ARC Review: The Names They Gave Us by Emery Lord

review         book

Book Covertitle: The Names They Gave Us
author: Emery Lord
pages: 400
format: e-ARC
buy it: Amazon | B&N | Goodreads
rating: 3.5/5 (from hated to loved) or 6/10 (all books I've ever read)
recommended for: Fans of sweet, witty contemporaries like Simon vs the Homo Sapiens Agenda by Becky Albertalli, The Secret of a Heart Note by Stacey Lee, and The Memory Book by Lara Avery.
Lucy Hansson was ready for a perfect summer with her boyfriend, working at her childhood Bible camp on the lake. But when her mom’s cancer reappears, Lucy falters—in faith, in love, and in her ability to cope. When her boyfriend “pauses” their relationship and her summer job switches to a different camp—one for troubled kids—Lucy isn’t sure how much more she can handle. Attempting to accept a new normal, Lucy slowly regains footing among her vibrant, diverse coworkers, Sundays with her mom, and a crush on a fellow counselor. But when long-hidden family secrets emerge, can Lucy set aside her problems and discover what grace really means?

in depth

  • I’ve always been iffy on books that feature devoutly Christian characters. Jewish, Muslim, Buddhist? Fine. But Christian . . . I never know if it’s going to come off super judgey. As a (very) lapsed Catholic agnostic whatever, I tend to get a resurgence of indoctrinated guilt. But Lord’s book was a compassionate, self-aware portrayal of a Christian girl. It was a beautiful story about how faith can enrich your life, how it can be a struggle, and how it can create love and kindness rather than judgment and exclusion. Lord also threw in some cheek; Lucy addressed many of the preacher’s kid or Christian kid stereotypes when talking with her new friends.
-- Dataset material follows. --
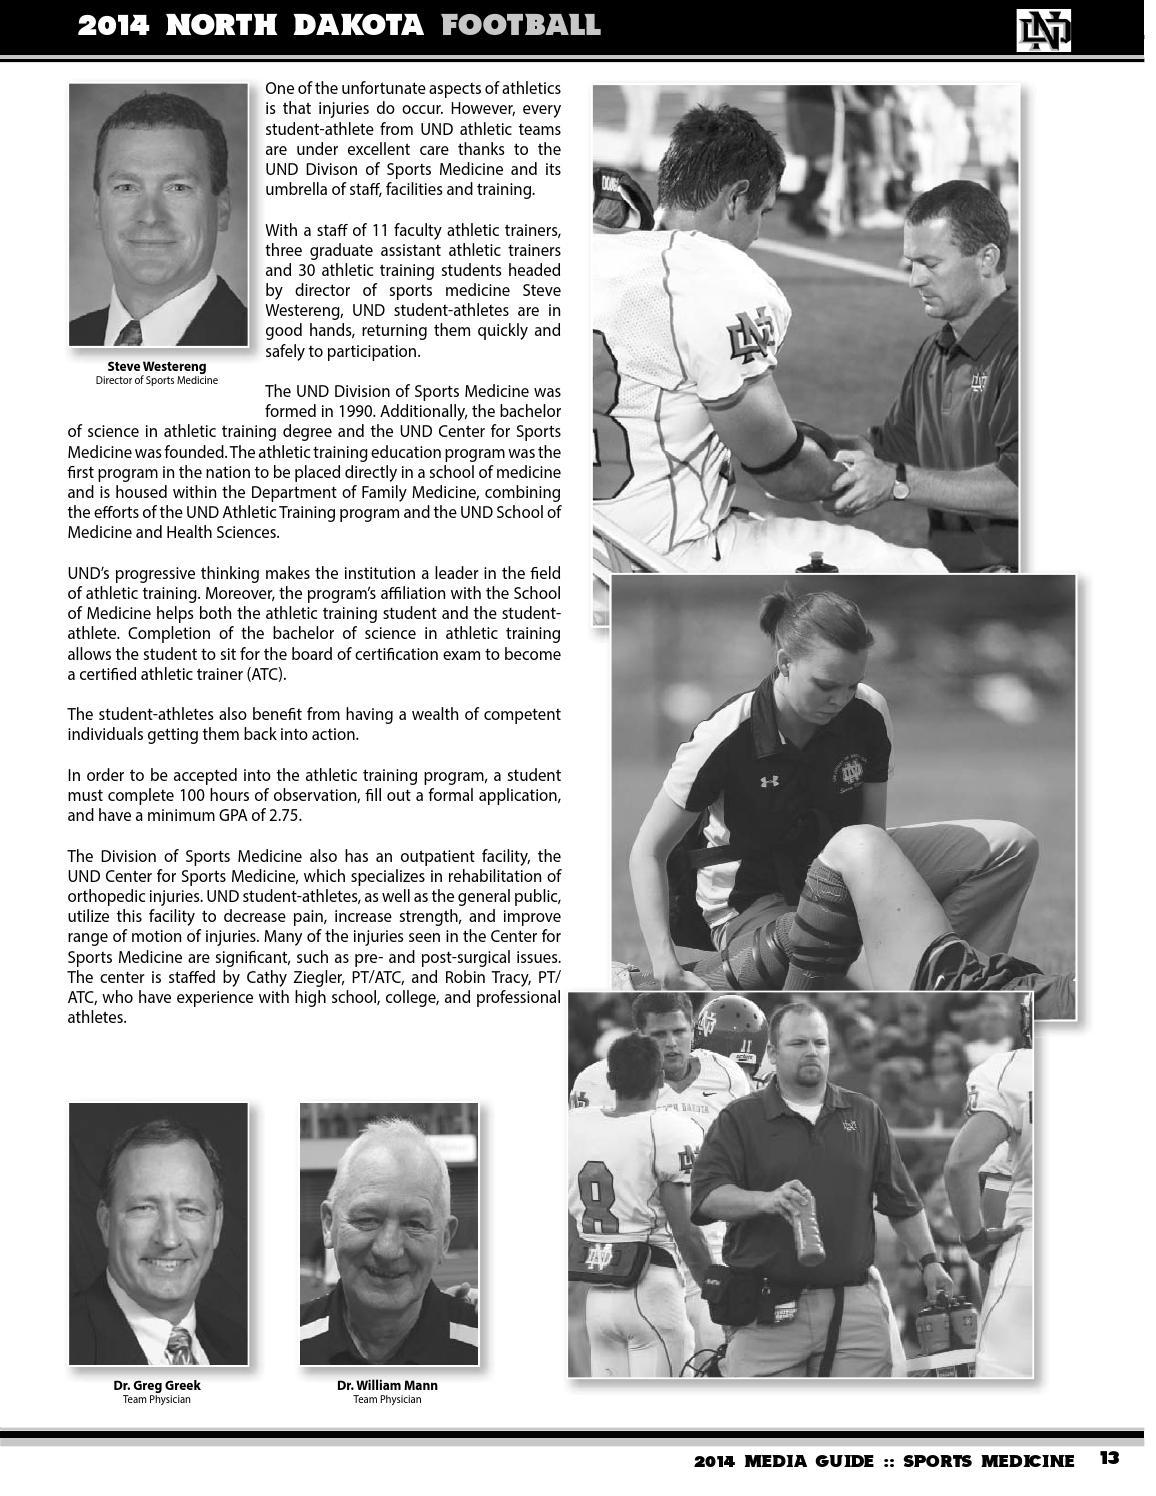 2014 UND Football Media Guide by University of North Dakota

  • As is characteristic of Lord’s writing, Lucy's voice was sharp and felt realistically teen-ish. Her inner monologue is so relatable in its anxieties, its slight judginess and subsequent guilt, its insecurity. Especially talking about her crush. (Bonus: YA book with an MC who doesn’t want to have sex yet! I so rarely see teens in YA that captured me and my friends at that age.) All of her characters radiate life and become as dear as Lucy. Her friends and family are equally well represented, and we even get to know some of the adorable camp kids.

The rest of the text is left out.